I'm designing an application that receives information from roughly 100k sensors that measure time-series data. Each sensor measures a single integer data point once every 15 minutes, saves a log of these values, and sends that log to my application once every 4 hours. My application should maintain about 5 years of historical data. The packet I receive once every 4 hours is of the following structure:
Data and time of the sequence start
Number of samples to arrive (assume this is fixed for the sake of simplicity, although in practice there may be partials)
The sequence of samples, each of exactly 4 bytes
My application's main usage scenario is showing graphs of composite signals at certain dates. When I say "composite" signals I mean that for example I need to show the result of adding Sensor A's signal to Sensor B's signal and subtracting Sensor C's signal.

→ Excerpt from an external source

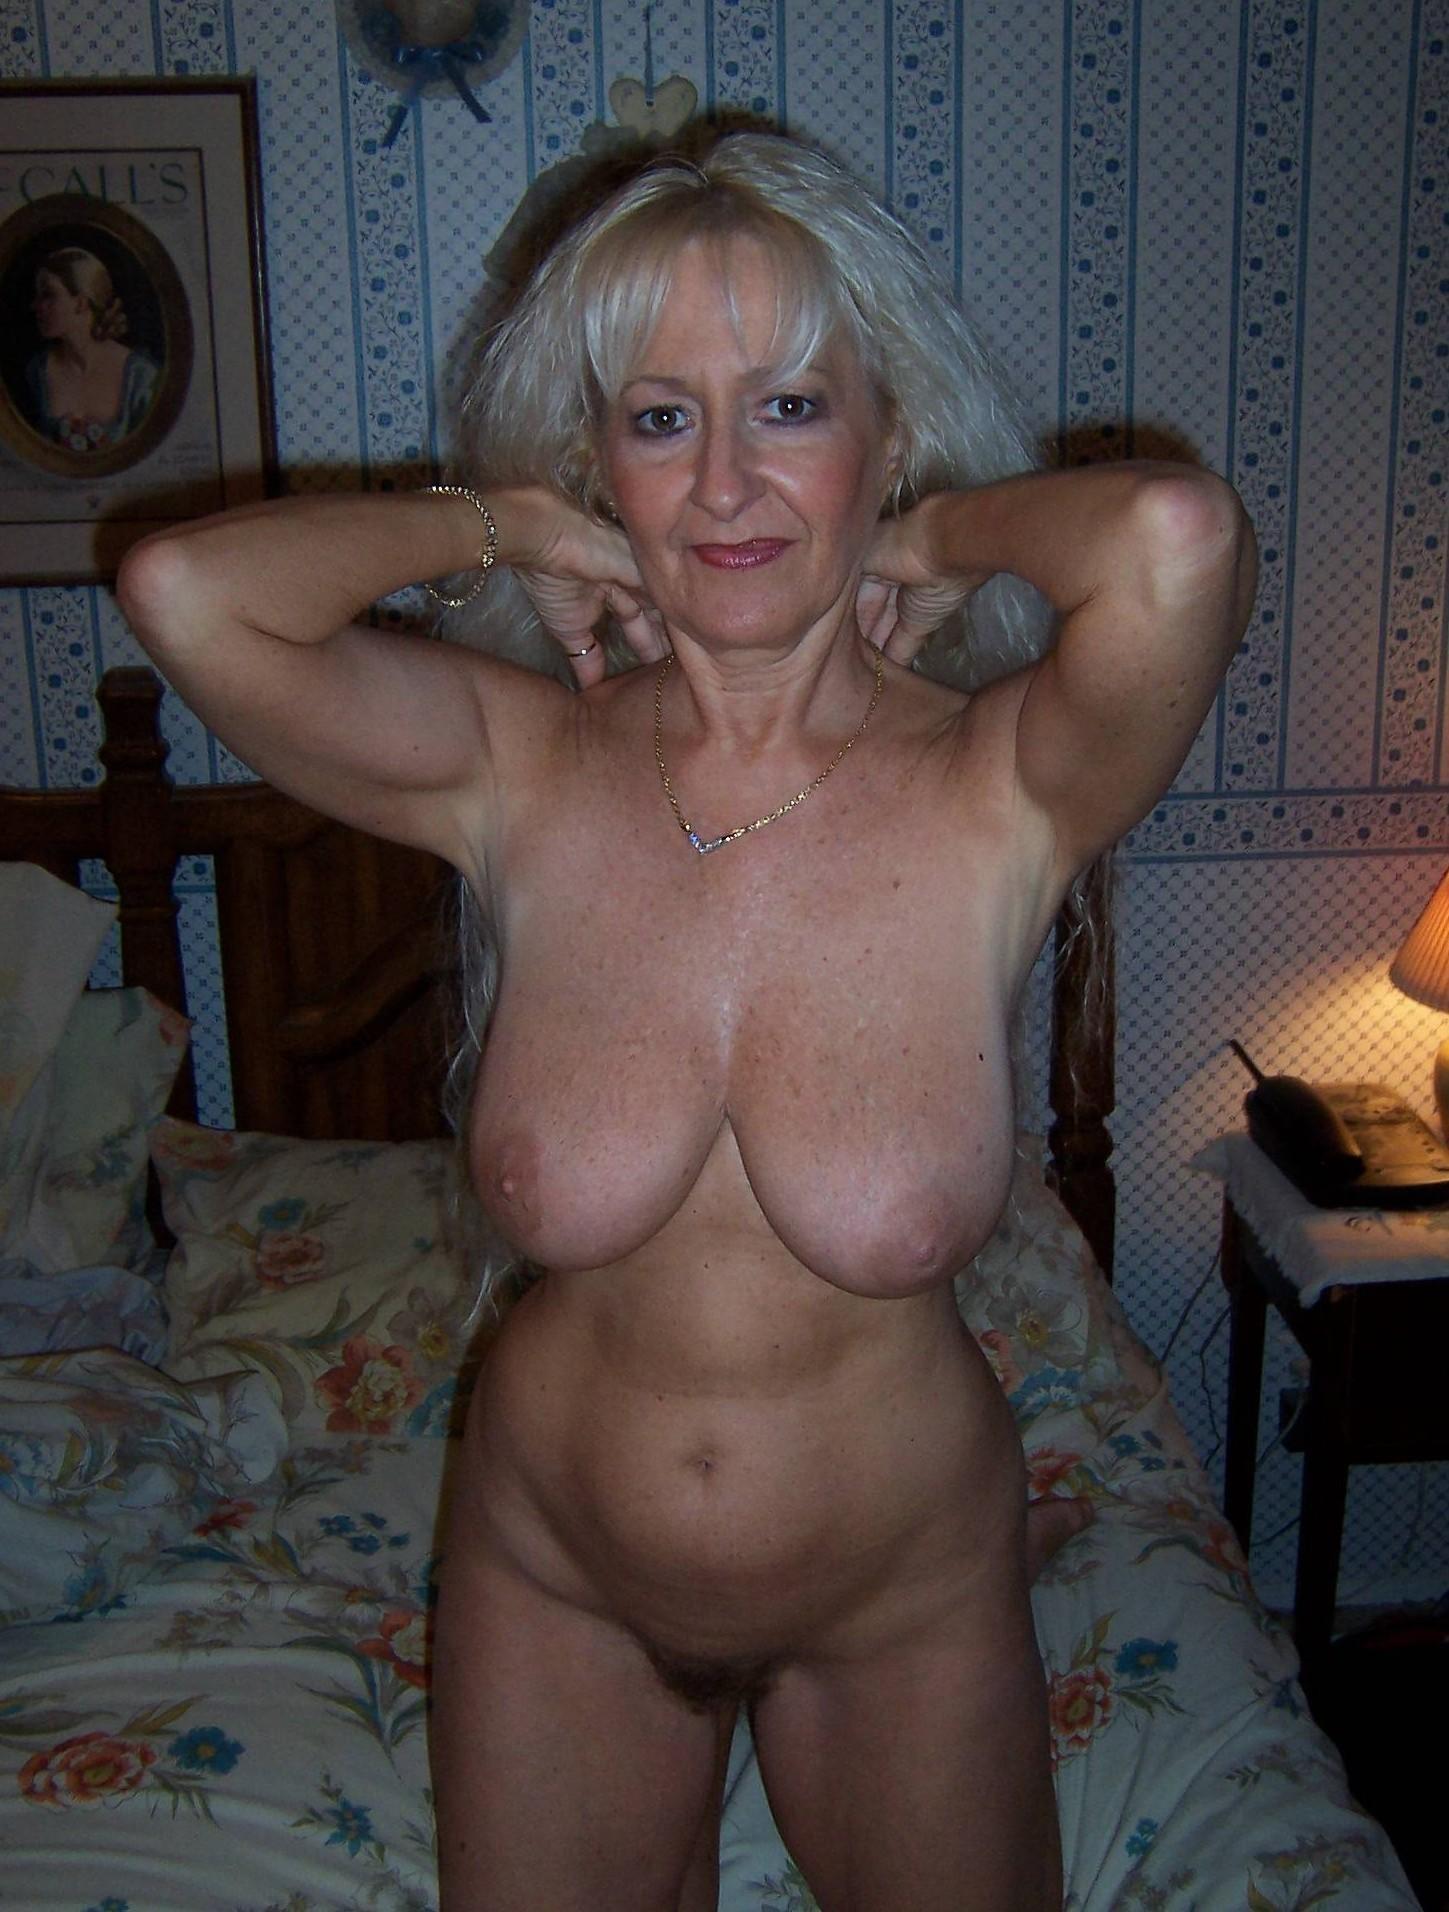 Amateur Mature Mom Porn mommy mature porn enticing hot mature mom porn amateur

My dilemma is how to store this time-series data in my database. I see two options, assuming I use a relational database:
Store every sample in a row of its own: when I receive a signal, break it to samples, and store each sample separately with its timestamp. Assume the timestamps can be normalized across signals.
Store every 4-hour signal as a separate row with its starting time. In this case, whenever a signal arrives, I just add it as a BLOB to the database.

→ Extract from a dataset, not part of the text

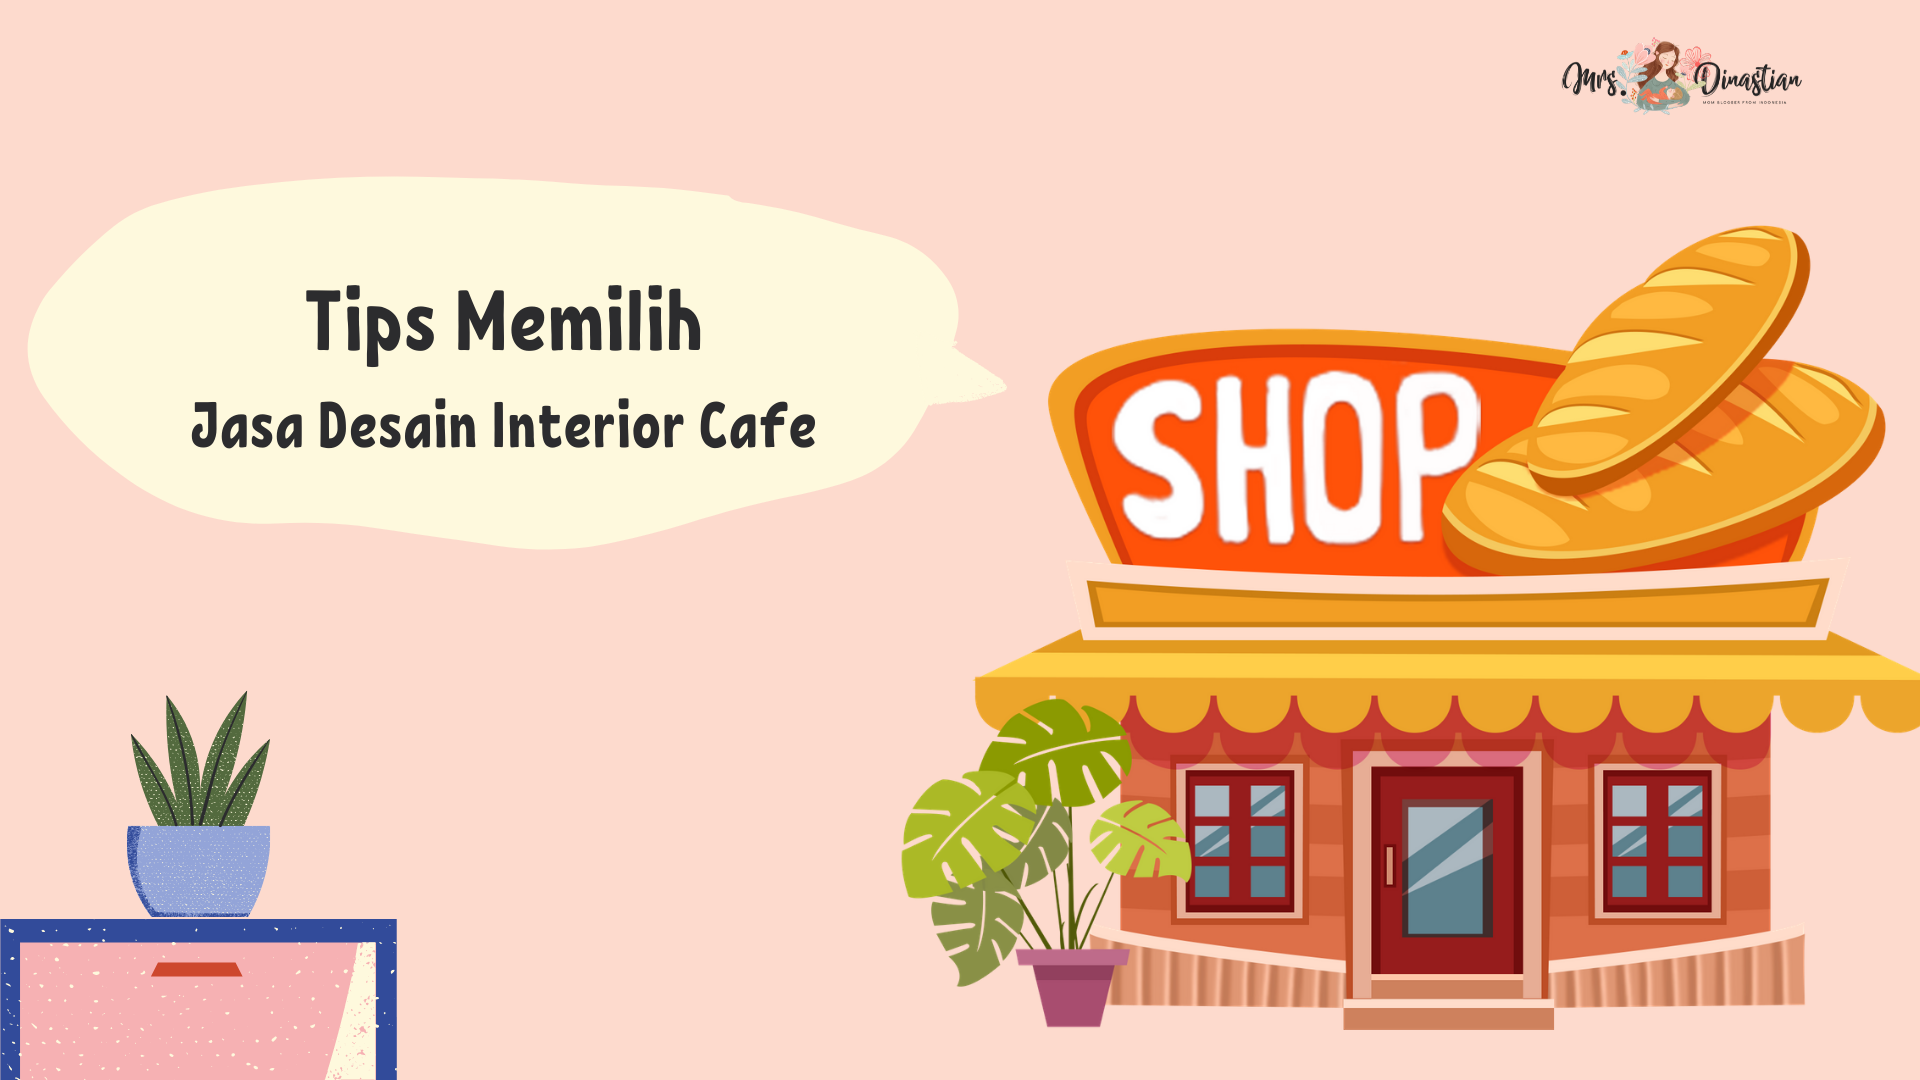 Tips Memilih Jasa Desain Interior Cafe

There are obvious pros and cons for each of the options, including storage size, performance, and complexity of the code "above" the database.
I wondered if there are best practices for such cases.
Many thanks.
Storing each sample in it's own row sounds simple and logical to me. Don't be too hasty to optimize unless there is actually a good reason for it. Maybe you should do some tests with dummy data to see if any optimization is really necessary.

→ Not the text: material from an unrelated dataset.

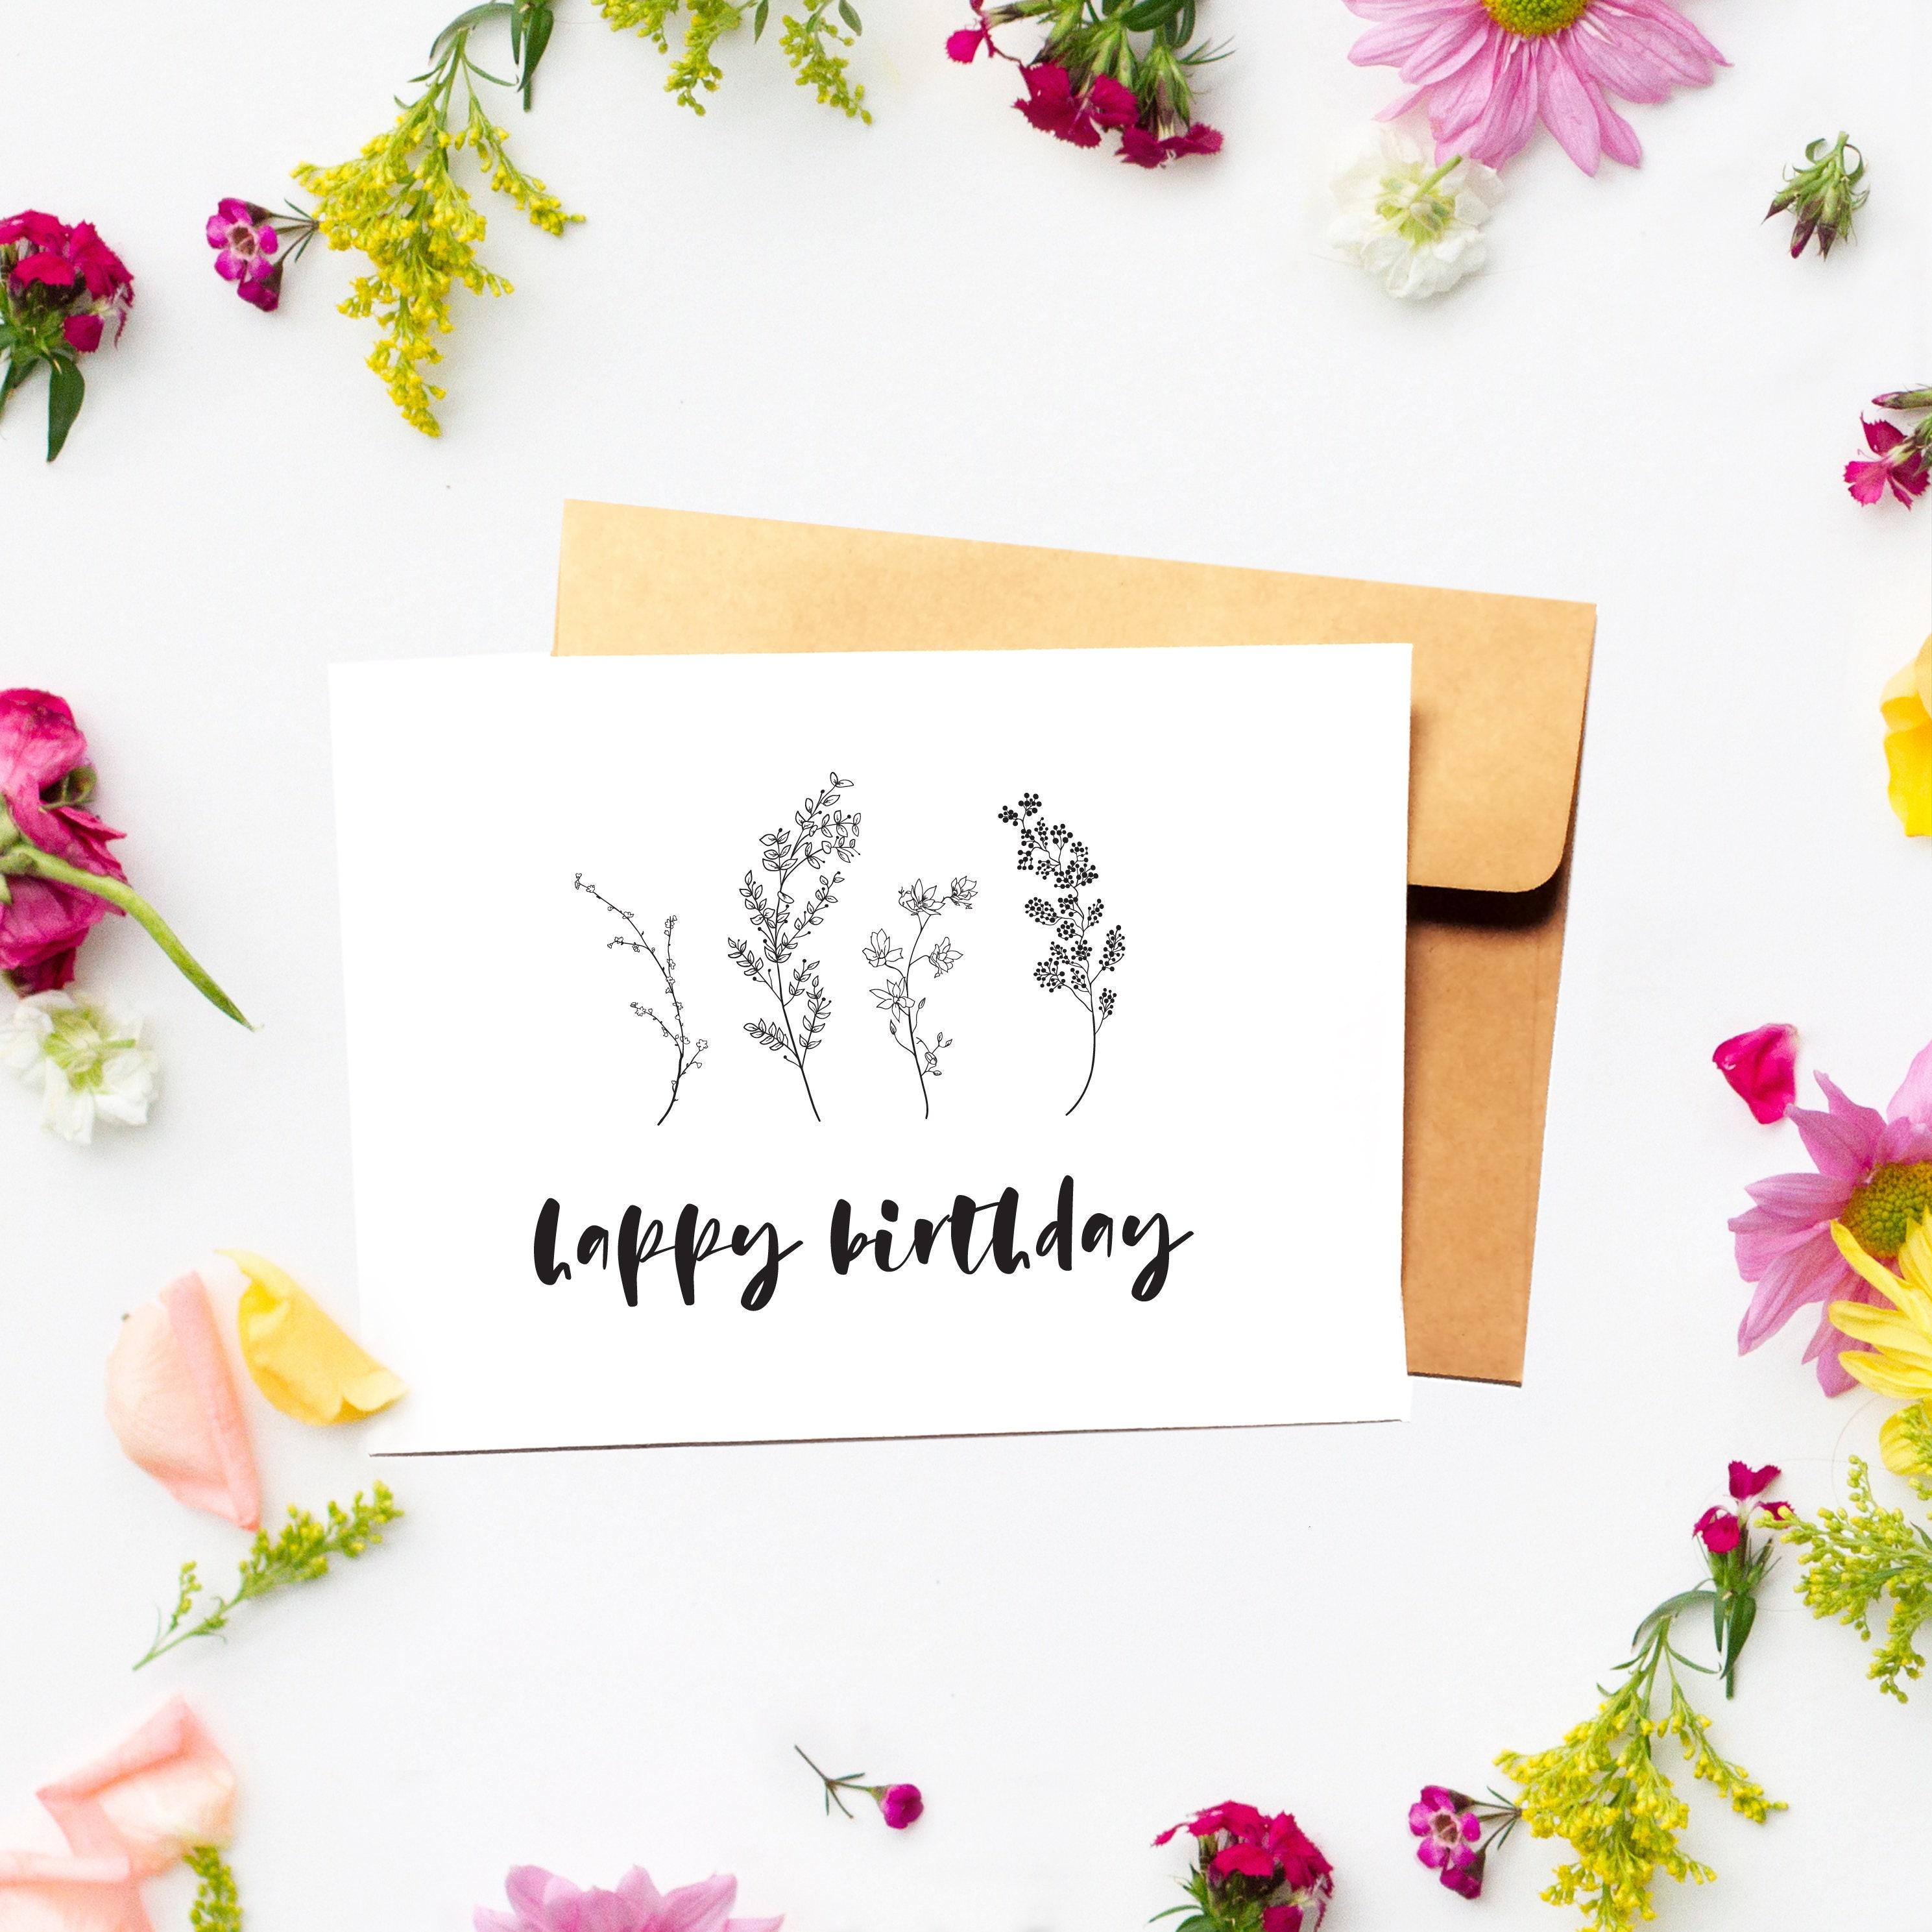 Birthday Cards Greetings Friend Gallery Free Birthday Cards

I think storing the data in the form that makes it easiest to carry out your main goal is likely the least painful overall. In this case, it's likely the more efficient as well.
Since your main goal appears to be to display the information in interesting and flexible ways I'd go with separate rows for each data point. I presume most of the effort required to write this program well is likely on the display side, you should minimize the complexity on that side as much as possible.
Storing data in BLOBs is good if the content isn't relevent and you would never want to run queries against it. In this case, your data will be the contents of the database, and therefore, very relevent.
I think you should:
1.Store every sample in a row of its own: when I receive a signal, break it to samples, and store each sample separately with its timestamp. Assume the timestamps can be normalized across signals.
I see two database operations here: the first is to store the data as it comes in, and the second is to retrieve the data in a (potentially large) number of ways.
As Kieveli says, since you'll be using discrete parts of the data (as opposed to all of the data all at once), storing it as a blob won't help you when it comes time to read it. So for the first task, storing the data line by line would be optimal.
This might also be "good enough" when querying the data. However, if performance is an issue, and/or if you get massive amounts of volume [100,000 sensors x 1 per 15 minutes x 4 hours = 9,600,000 rows per day, x 5 years = 17,529,600,000 or so rows in five years]. To my mind, if you want to write flexible queries against that kind of data, you'll want some form of star schema structure (as gets used in data warehouses).
Whether you load the data directly into the warehouse, or let it build up "row by row" to be added to the warehouse ever day/week/month/whatever, depends on time, effort, available resources, and so on.
A final suggestion: when you set up a test environment for your new code, load it with several years of (dummy) data, to see how it will perform.